Task instructions —
For this exercise, return only the lines in the records below from the one holding "eco-friendly jiffy bag - no plastic" through the one holding "La route de Don Quichotte , Espagne", including both, exactly as they appear and without pictures.

BEGIN Record set

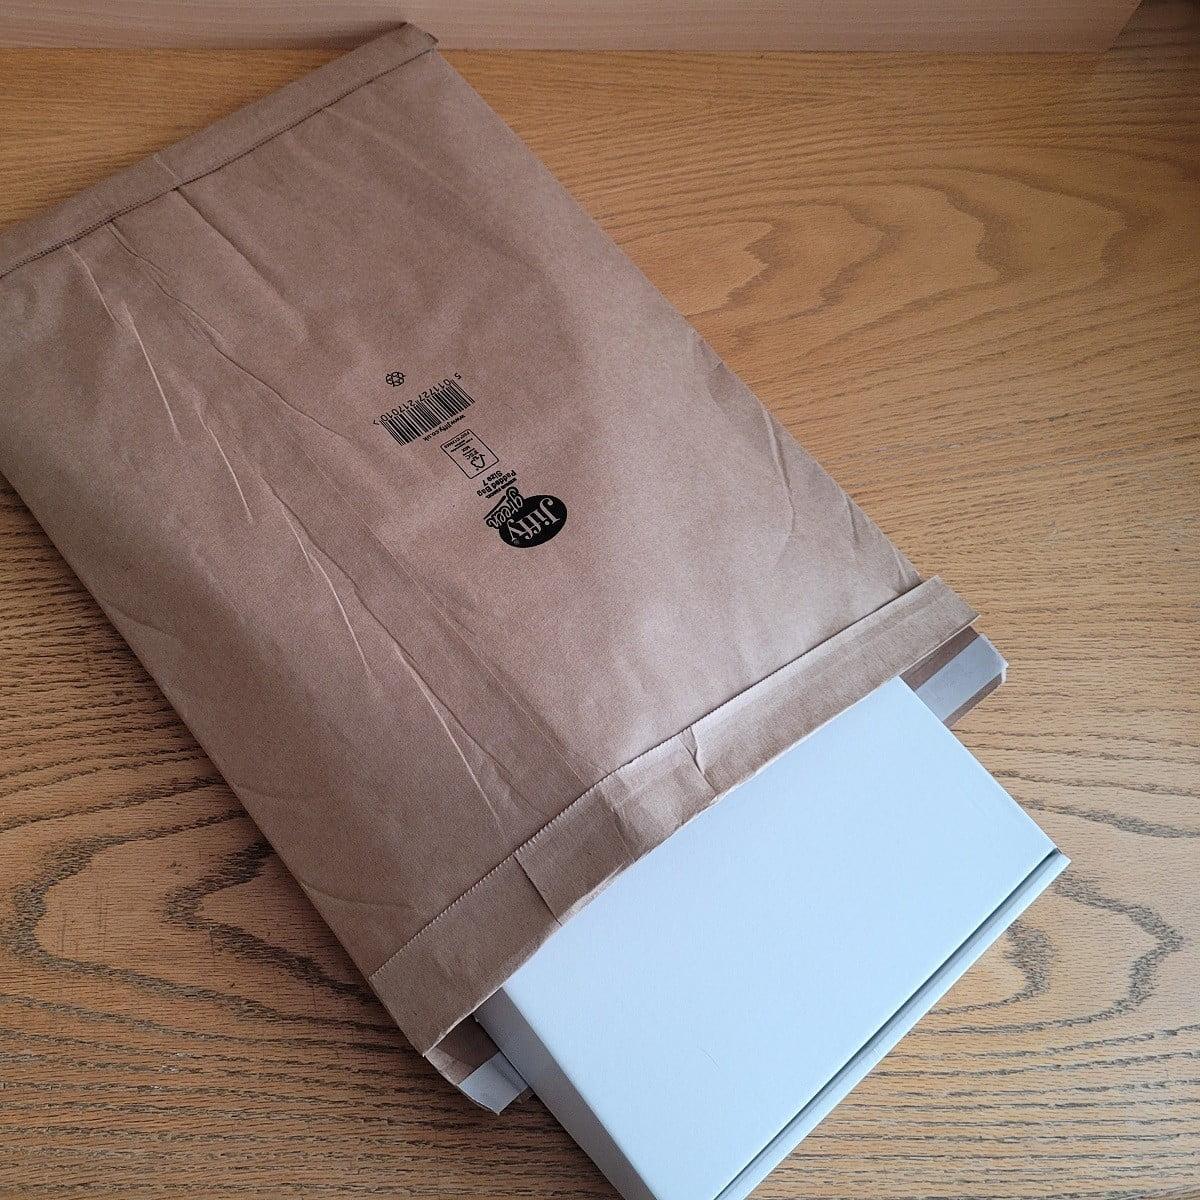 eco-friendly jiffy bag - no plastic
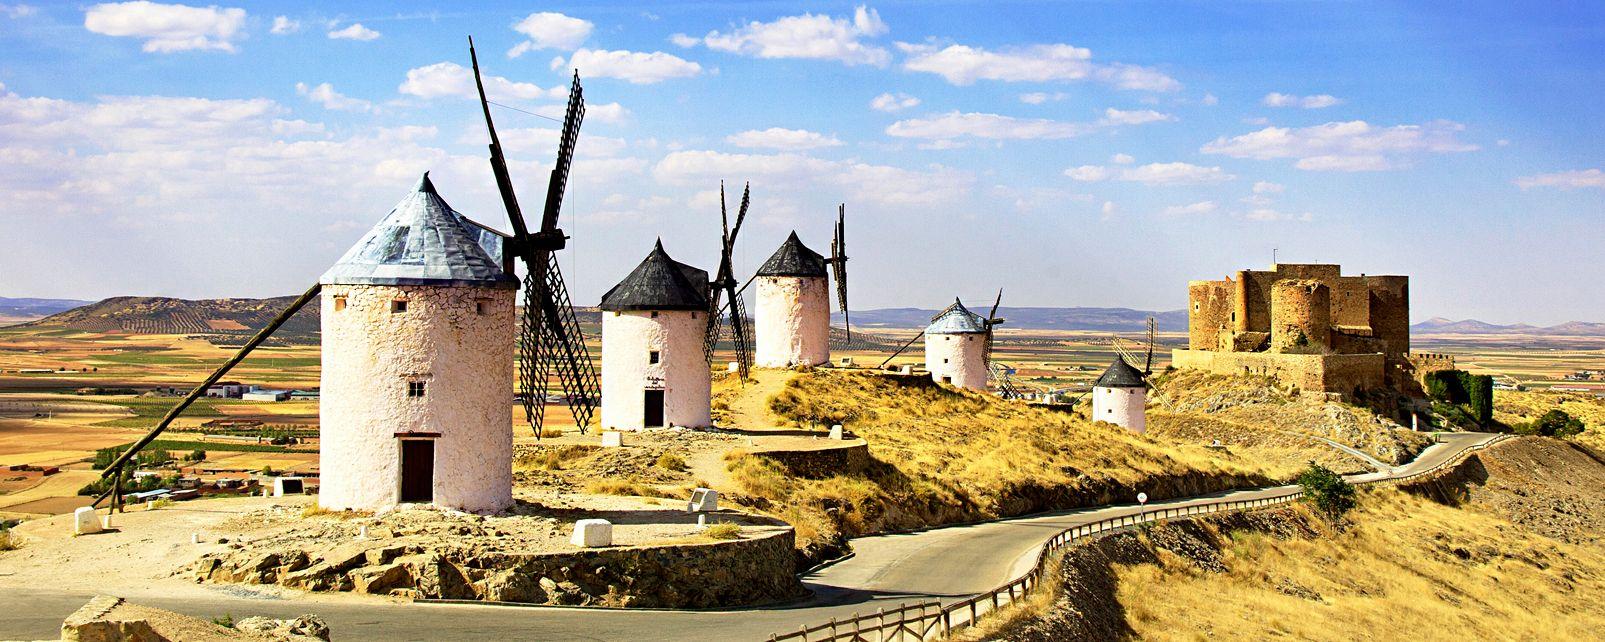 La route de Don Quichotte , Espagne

END Record set
BEGIN Record set

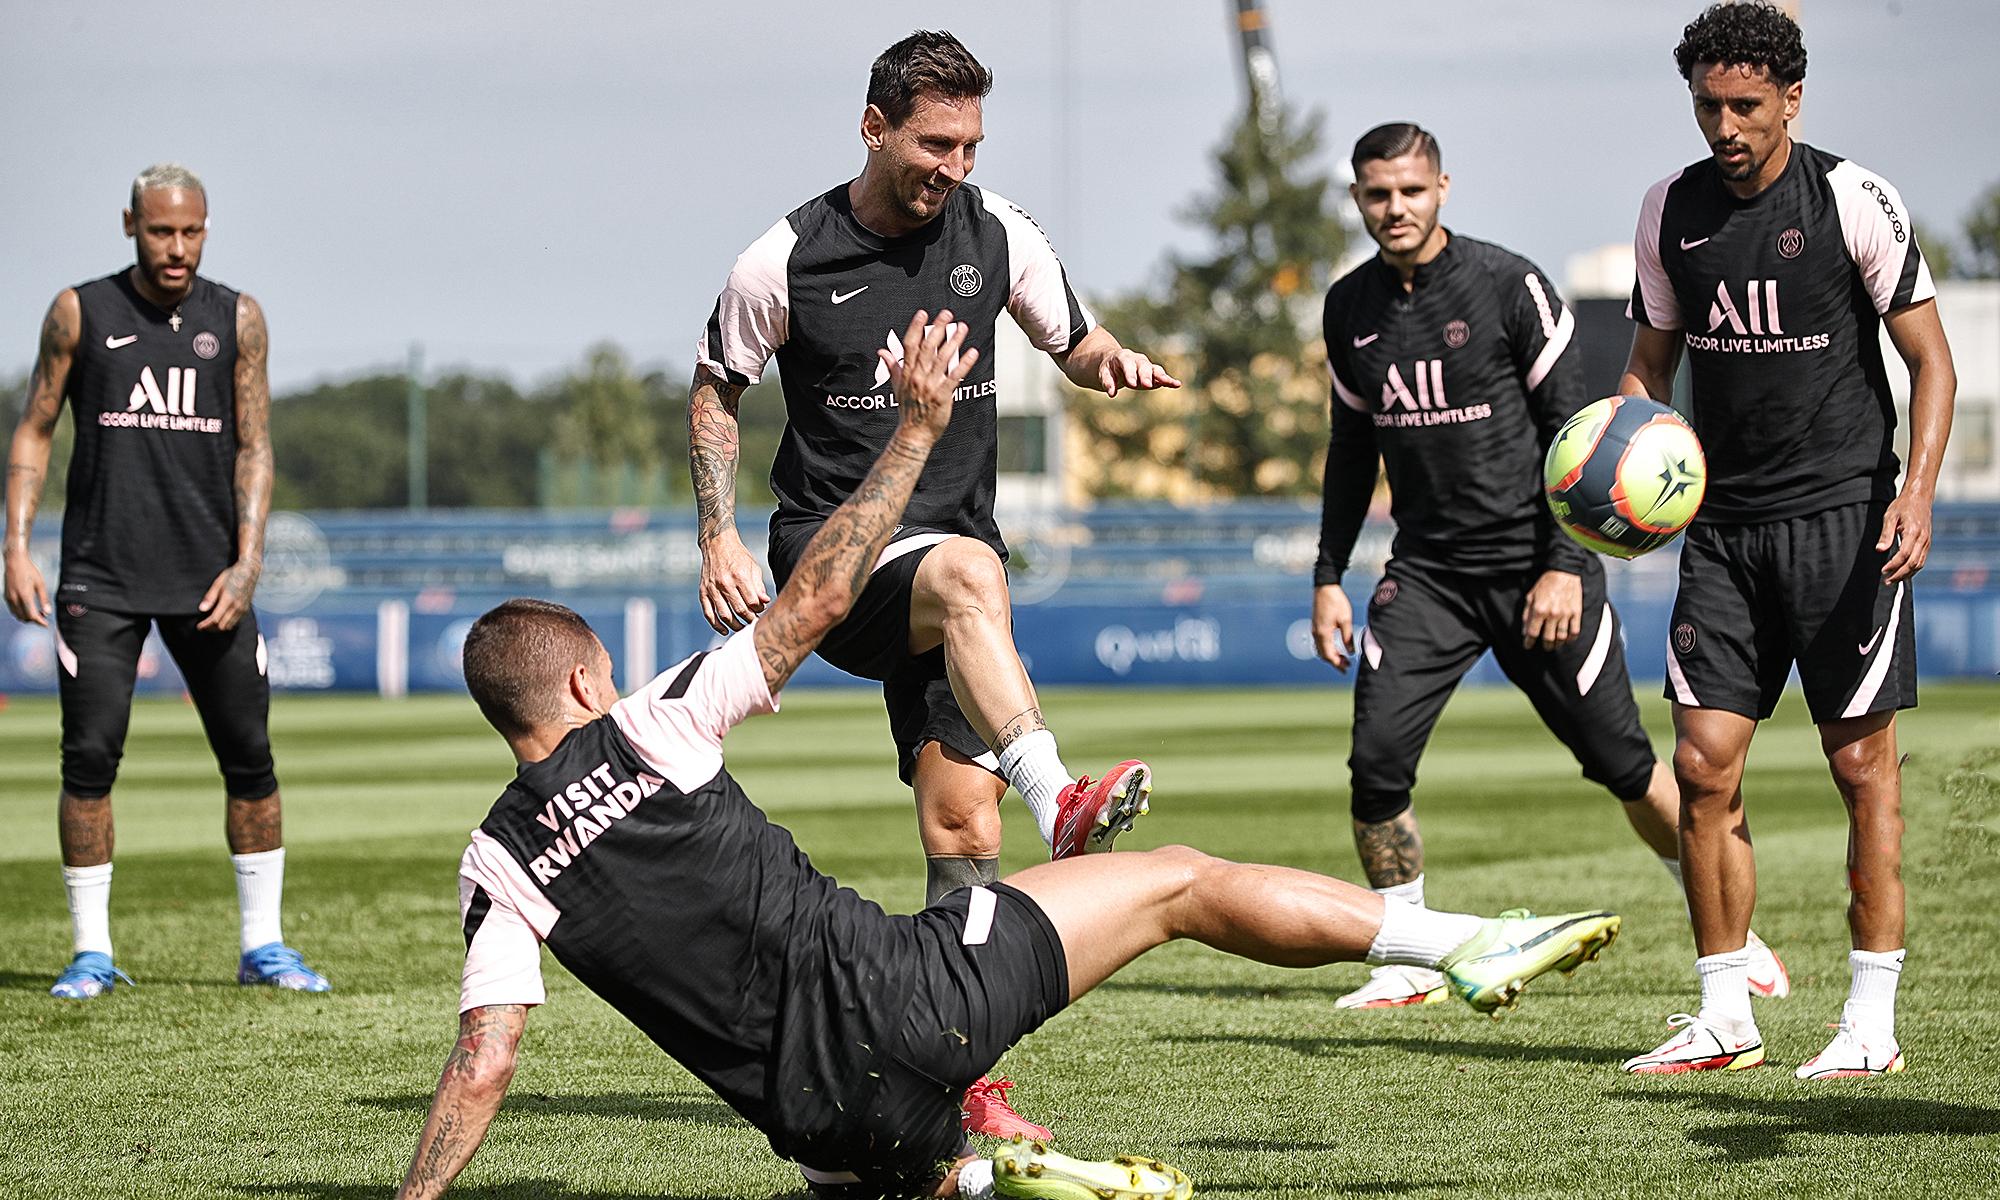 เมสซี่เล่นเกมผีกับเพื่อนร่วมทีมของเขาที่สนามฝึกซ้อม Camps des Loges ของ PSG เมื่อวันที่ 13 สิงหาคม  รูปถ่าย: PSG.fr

END Record set

Result of the exercise —
 eco-friendly jiffy bag - no plastic
 La route de Don Quichotte , Espagne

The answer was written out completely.